As we all know, defense wins championships and your defense is going to look bad when the last line is a collection of sieves.

It is on Yzerman to find a solution to this goalie problem. He hoped acquiring Lindback from Nashville in the offseason was going to be that answer but it hasn't been. He has a .903 save percentage and 2.88 goals against average this season, certainly not stellar numbers.

Some of that is on the defensemen in front of the goalies. Mike Smith and Dan Ellis were both in Tampa Bay within the last three seasons and they struggled, too. Again, the defense is an issue Yzerman has tried to address and perhaps he feels like he did by signing Matt Carle and Sami Salo over the summer but it's not like those two are going to be labeled defensive stalwarts anytime soon.

The point is, Boucher never had much of a chance with the stable of goaltenders he has had. They should thank him for reaching that East final a couple years ago when perhaps they had little business getting there.

This wasn't an issue of losing the team or any other silly reason of that nature. It was simply about the Lightning not performing well enough. The oddity of their massive struggles this season is that the Lightning are actually outscoring their opponents. Usually a positive goal-differential is going to lead to a positive record. It just hasn't.

So maybe that's why Yzerman looks at it and thinks a change will do them good.
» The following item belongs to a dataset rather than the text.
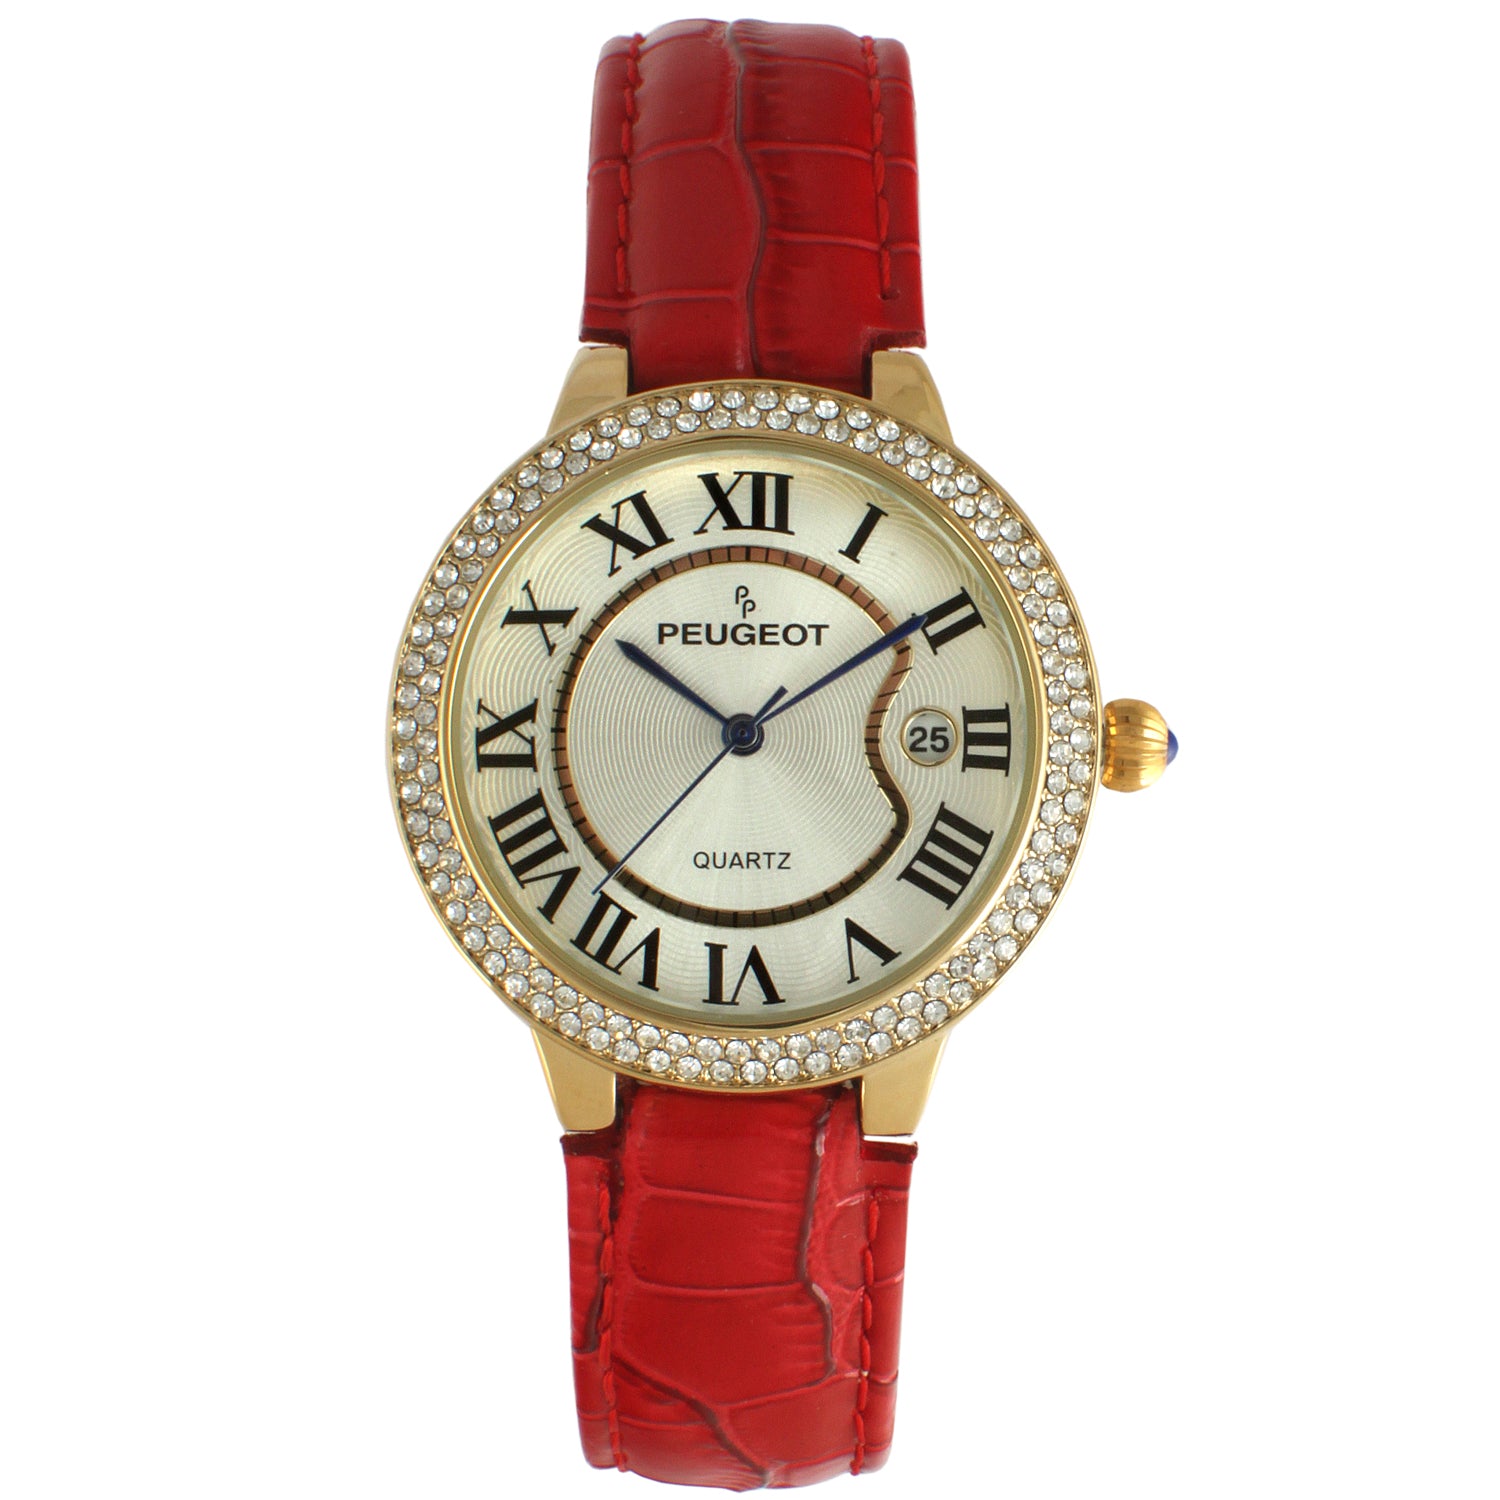 Peugeot Women Watch Two-Tone Square Tank Shape W/ Red Leather Strap ...

Maybe he sees a team that already has $62 million committed next season to a salary cap that will be $64.3 million and expects it should be performing as well as it's paid.

Maybe he sees they are doing some things to win and maybe another coach will bring out more of that. Maybe a new coach won't allow the Lightning to give up four goals in the first period as they did Saturday in Ottawa, probably the final straw for Boucher.

Or maybe the Lightning will continue to underperform with the backstops they employ.

Outside of the goaltending concerns, the Lightning have a juicy roster for a lot of coaches at the moment. What coach aside from Barry Melrose wouldn't love to come in and work with Stamkos? Jon Cooper is on everybody's short list as a possible replacement, as is Lindy Ruff, the only other coach fired this season in the NHL.

Maybe a new coach can come in and do what Bruce Boudreau has done in Anaheim. He took over a team last season that was pretty much out of the playoffs but built on a late-season run and has the Ducks flying this season. The Lightning have some of the same ingredients.

At the same time, some other team is going to scoop up Boucher. He's a bright coach and that didn't change while he was in Tampa. It was just two years ago he was the toast of the coaching community. He just lost that "touch" when he wasn't given a good enough goalie.

Or if that doesn't work out, he could always go into the Robert De Niro impersonation business.